If you compute the root (near n=4) you use the following matlab code:
% Coefficients
p1 = 8.515e-013
p2 = -3.319e-011
p3 = 2.253e-010
p4 = -4.226e-012
% Linear model Poly3:
syms('x')
f = p1*x^3 + p2*x^2 + p3*x + p4
xz1=fzero(#(y) subs(diff(f),'x',y), 4)
and you get the analytic root at 4.01420240431444.
EDIT:
Hmmm. How about fitting a gaussian mixture model to the convolution? You sweep through a good range of component count, you do between 10 and 30 repeats, and you find which component count has the best/lowest BIC. So you fit a gmdistribution to the lower subplot of the first figure, then test the covariance at the means of the components in decreasing order.
I would try the offset at the means, and just look at sum squared error. I would then pick the offset that has the lowest error.
Procedure:
compute cross correlation
fit cross correlation to Gaussian Mixture model
sweep a reasonable range of components (start with 1-10)

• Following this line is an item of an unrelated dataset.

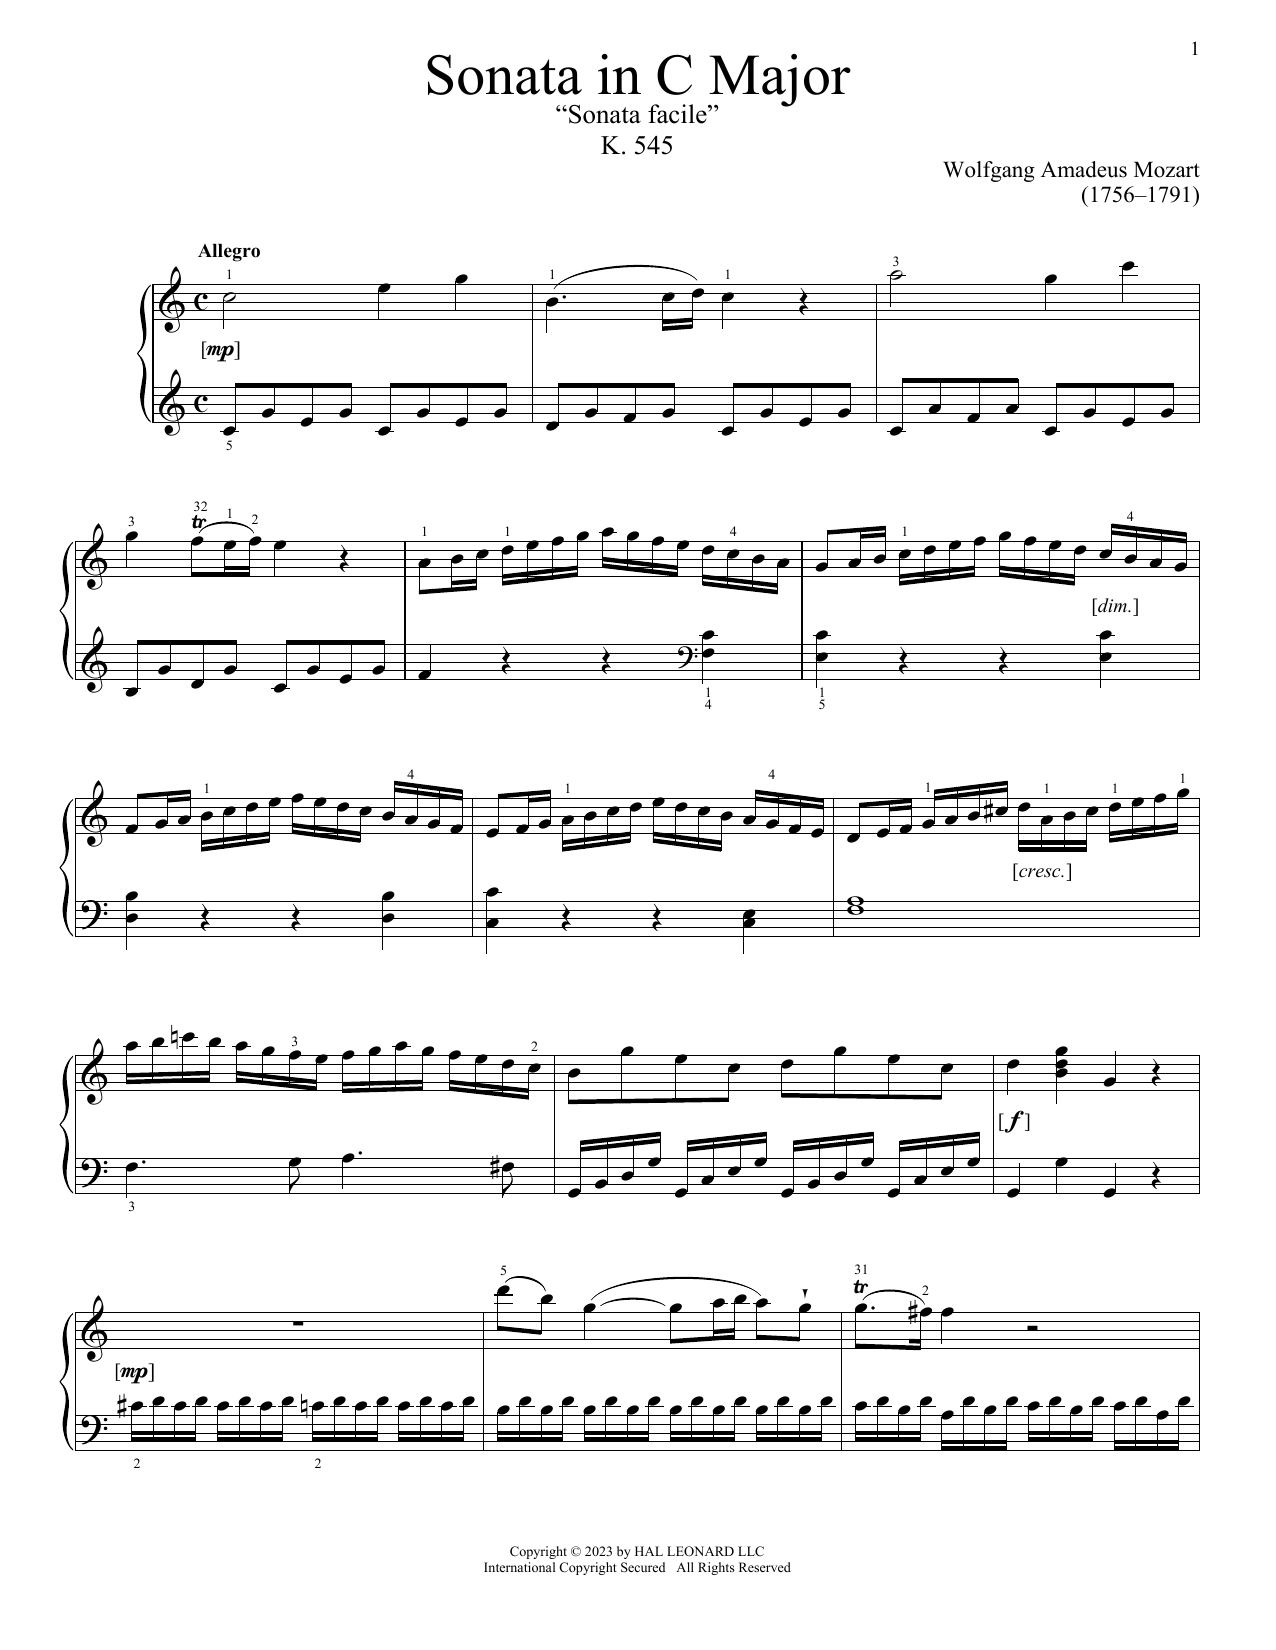 Download Wolfgang Amadeus Mozart Sonata In C Major, K. 545 Sheet Music

use a reasonable number of repeats (10 to 30 depending on run-to-run variation)
compute Bayes Information Criterion (BIC) for each level, pick the lowest because it indicates a reasonable balance of error and parameter count
each component is going to have a mean, evaluate that mean as a candidate offset and compute sum-squared error (sse) when you offset like that.
pick the offset of the component that gives best SSE
Let me know how well that works.
If the two signals misalign by non-integer number of samples, e.g. 3.7 samples, then the xcorr method may find the max value at 4 samples, it won't be able to find the accurate time shift. In this case, you should try a method called "unified change detection". The web-link for the paper is:
[http://www.phmsociety.org/node/1404/]
Good Luck.

How do I determine the coefficients for a linear regression line in MATLAB? [closed]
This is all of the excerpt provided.